Губерт показал ей жестом на Инносанту: усевшись на пороге, она укачивала ребенка.
— Как могла научиться этому женщина, которая никогда не была матерью?
Они смотрели на Инносанту, склонившую свое суровое загоревшее лицо над драгоценной ношей, которую она держала своими большими руками на коленях. Она как будто выросла.
Губерт и Ева молчали. Они видели, как двигались губы Инносанты. Она что-то шептала, и они уловили звук ее голоса, исполненного такой нежности, что каждое слово казалось лаской, обращенной к новорожденному.
— Что она говорит? — спросила Ева.
— Слушай!
Склонив голову, почти касаясь губами шелковистой головки, Инносанта с восторженной интонацией повторяла:
— Дитя долины Сюзанф!.. Ты узнаешь ее, нашу долину Сюзанф!.. Ты полюбишь ее… Твои маленькие ножки научатся ходить по нашей долине Сюзанф!
И Губерт подумал, что о своей деревне Иллиэц она, конечно, никогда не говорила с таким проникновением.
На следующий день послышался веселый клич Игнаца, перебрасываемый эхом от одного конца долины на другой.
— Они! — воскликнул Губерт. — Их можно узнать издалека…
Приподнявшись на своем матраце, Ева попросила Инносанту положить ребенка возле нее и настежь открыть дверь, чтобы слышать приближавшиеся голоса. Можно было различить имена, которые они всегда выкликали, возвращаясь из дальних переходов. Переступив перевал, они заранее приветствовали дорогие им существа, притягивали их к себе, наполняли всю долину своим присутствием.
— Ева! Ивонна! Губерт! Женевьева!.. Аделина!.. Инносанта!.. Ау, Инносанта!..
— Они веселы, — сказала Ева. — Они нашли кремень!..
Она увидела стариков, шедших им навстречу, госпожу Андело и женщин. Поль, подпрыгивая, опередил их. Губерт ожидал на пороге, устремив глаза на длинную вереницу скал, которые, казалось, впитывали в себя падающие тени сумерек.
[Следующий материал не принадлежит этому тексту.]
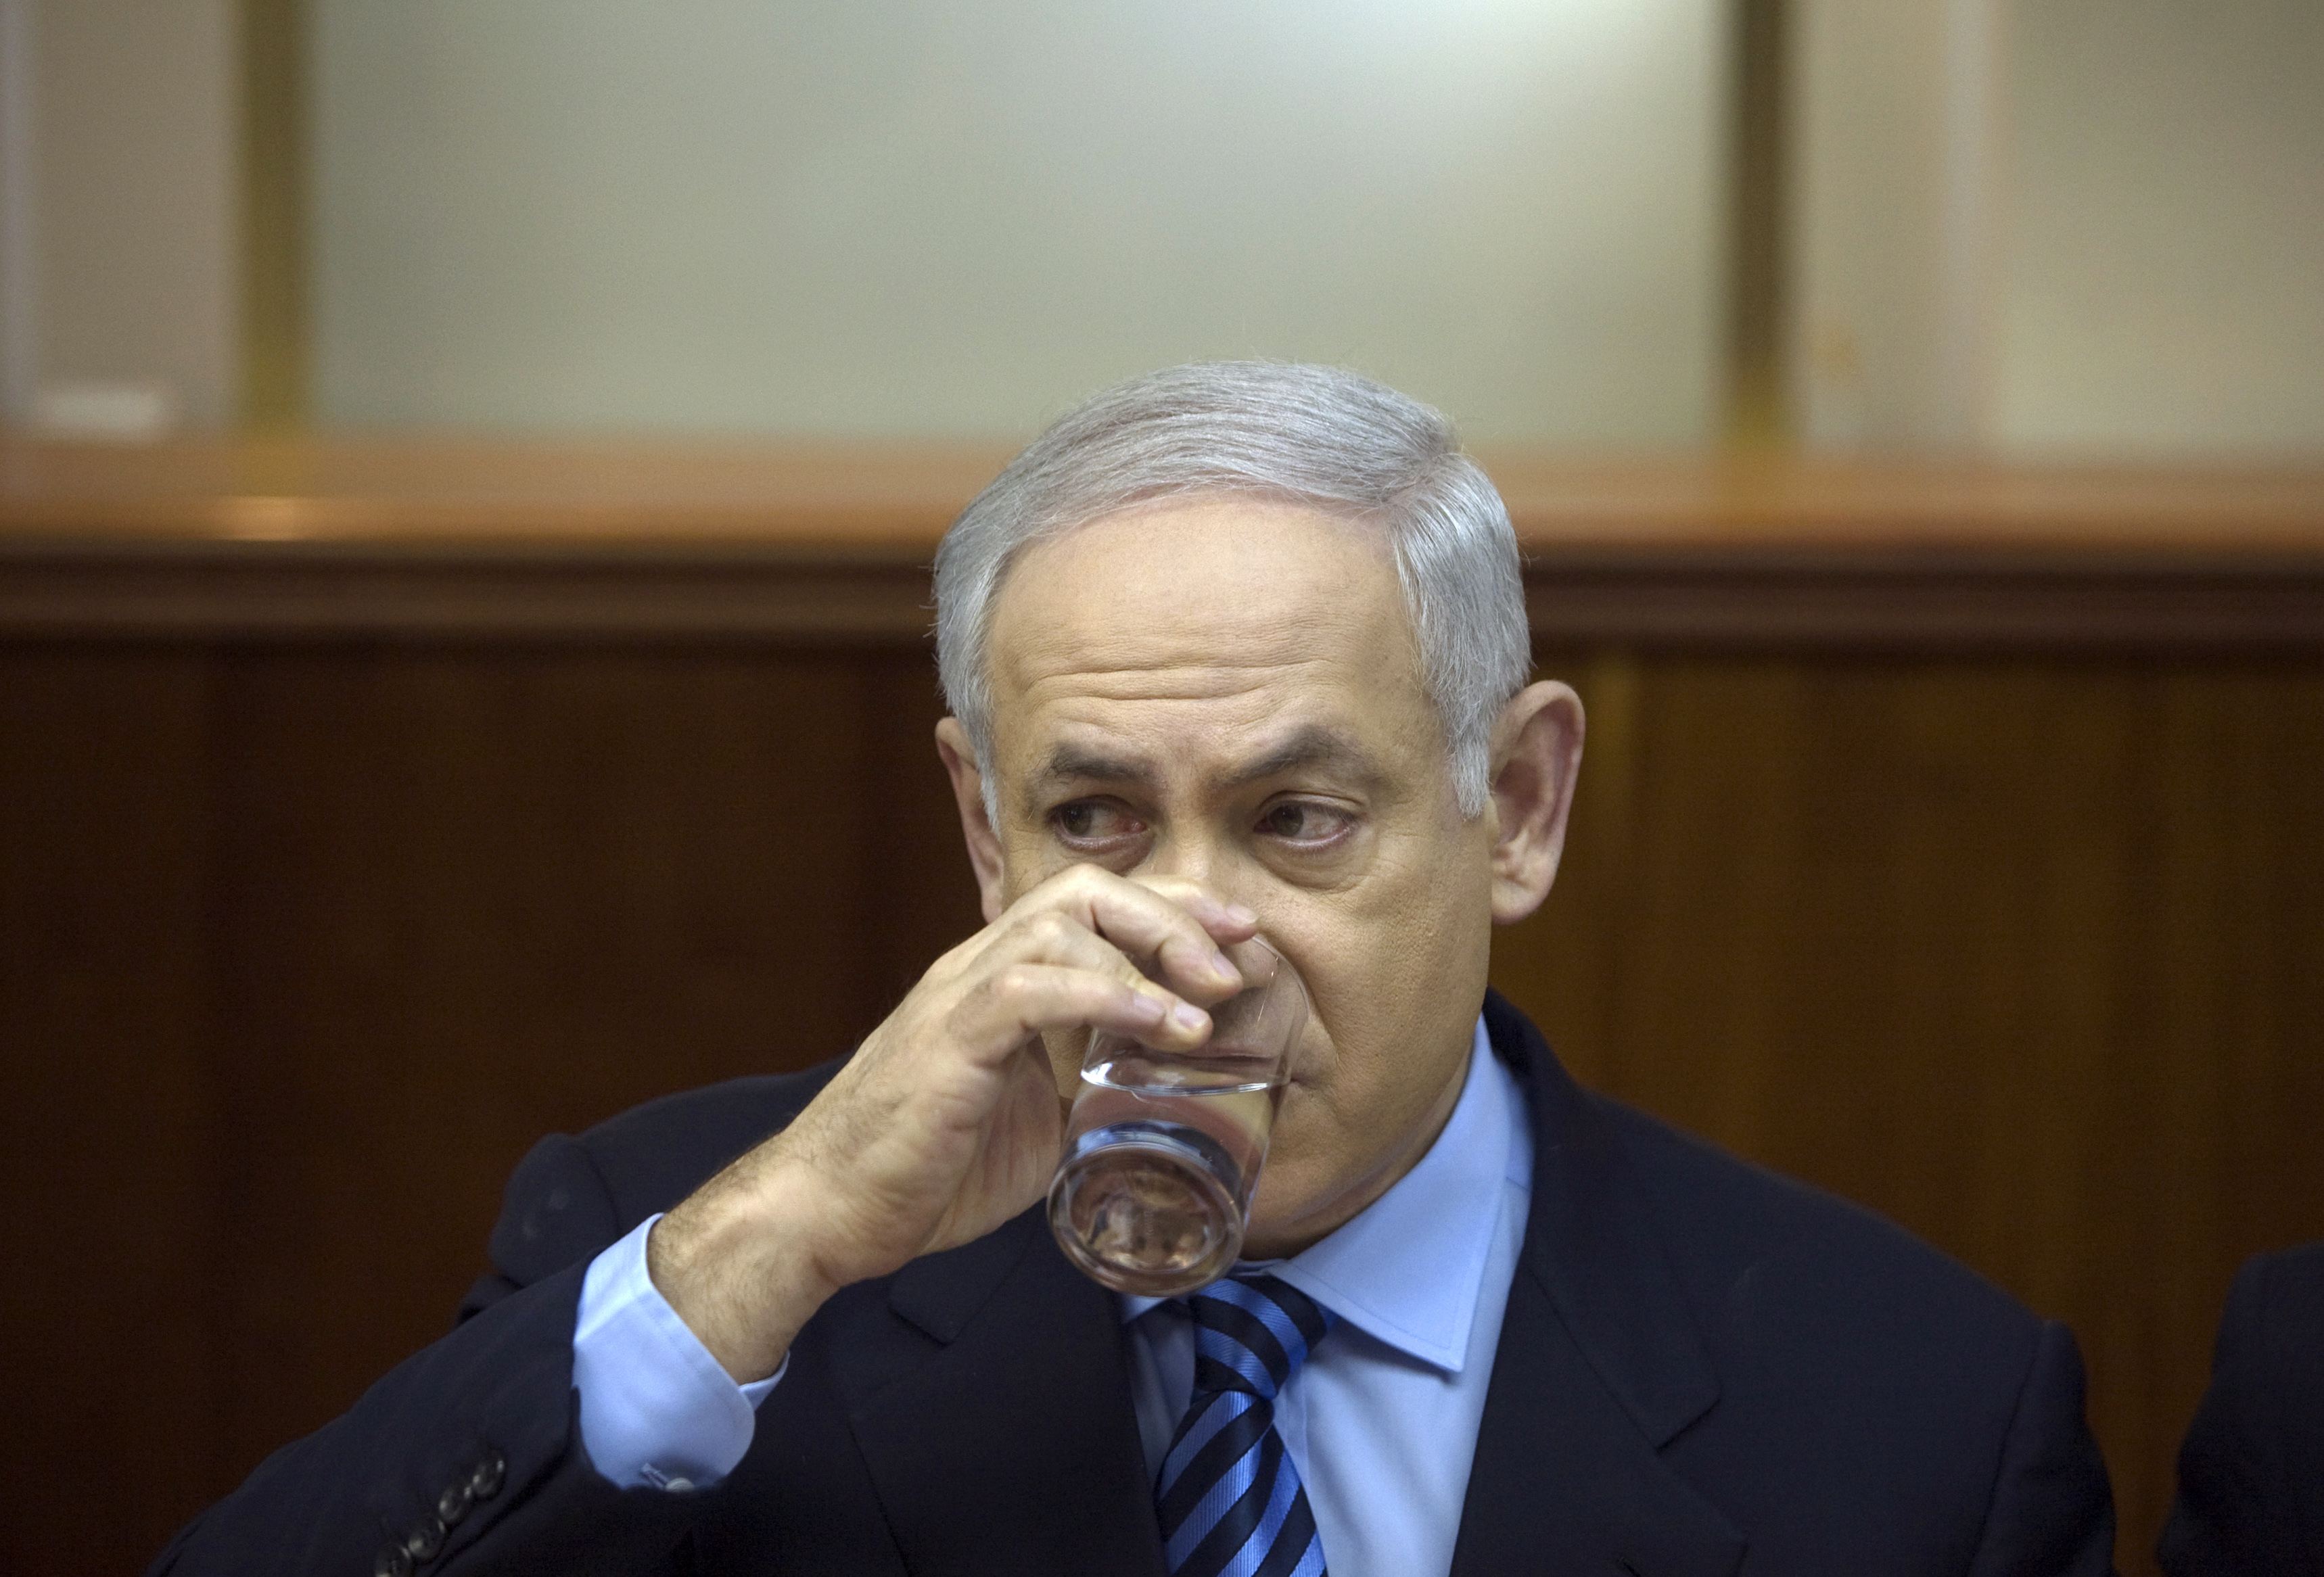 Israel's Prime Minister Benjamin Netanyahu drinks water during the weekly cabinet meeting in Jerusalem October 25, 2009. REUTERS/Baz Ratner (JERUSALEM POLITICS)

— Я их вижу! — говорил он. — Макс бежит первым… Они несут большие мешки, очень тяжелые… Игнац совсем согнулся…
— Зажги факел, — прошептала Ева. — Здесь недостаточно светло.
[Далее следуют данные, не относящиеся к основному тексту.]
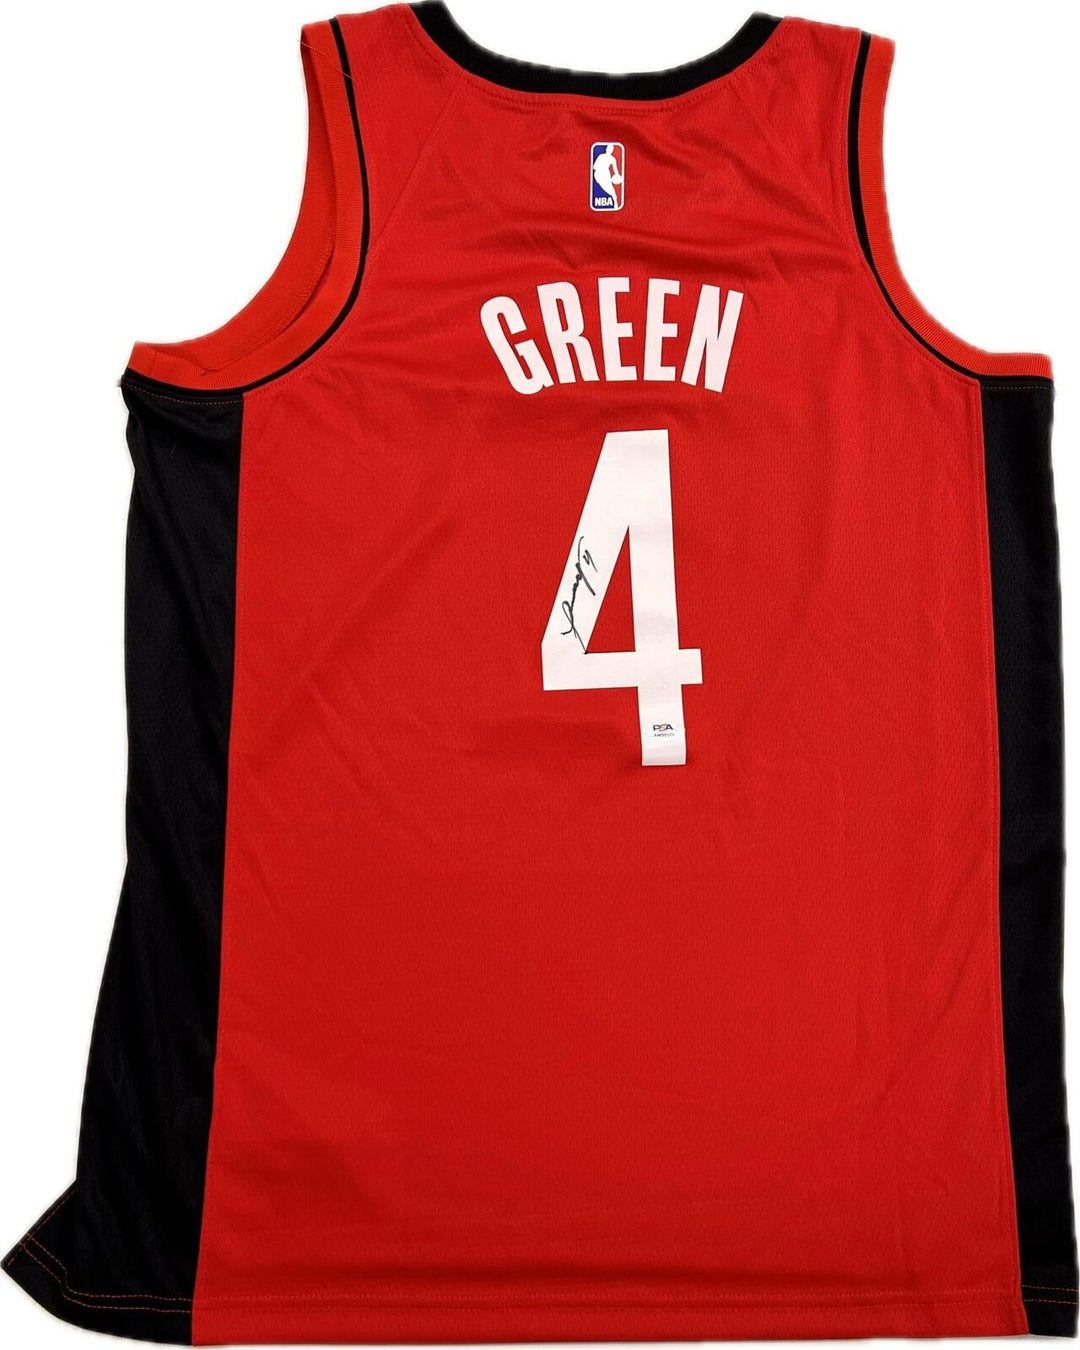 Jalen Green signed jersey PSA/DNA Houston Rockets Autographed Image 1

Макс, запыхавшись, вбежал в хижину, с обветренным от свежего воздуха лицом, и опустился возле матраца, чтобы лучше рассмотреть жену и сына. Она ждала его слов. Но он молчал: у него пропал голос. Она чувствовала на своем лбу его губы и улыбалась, без слов. Она знала, что он любовался ребенком и что, поднимая его осторожными руками, он находил его прекрасным и здоровым. Она угадывала мысль, которая шла навстречу ее мысли. Это было как бы условием, которое они заключили друг с другом: «Мы будем воспитывать его. Он будет жить. Он станет сильным». Она не замечала, что по ее лицу катились крупные слезы. У него мелькнула мысль, что она, быть может, страшится сурового будущего. Тогда речь вернулась к нему веселым потоком, который он уже не мог сдержать:
— Мы нашли кремень, Ева, целые залежи кремня! У подножия Сальэрской Башни! На другом склоне. У нас будут всякого рода орудия! Жизнь наладится, станет легкой… Ему не придется страдать! Клянусь тебе в этом!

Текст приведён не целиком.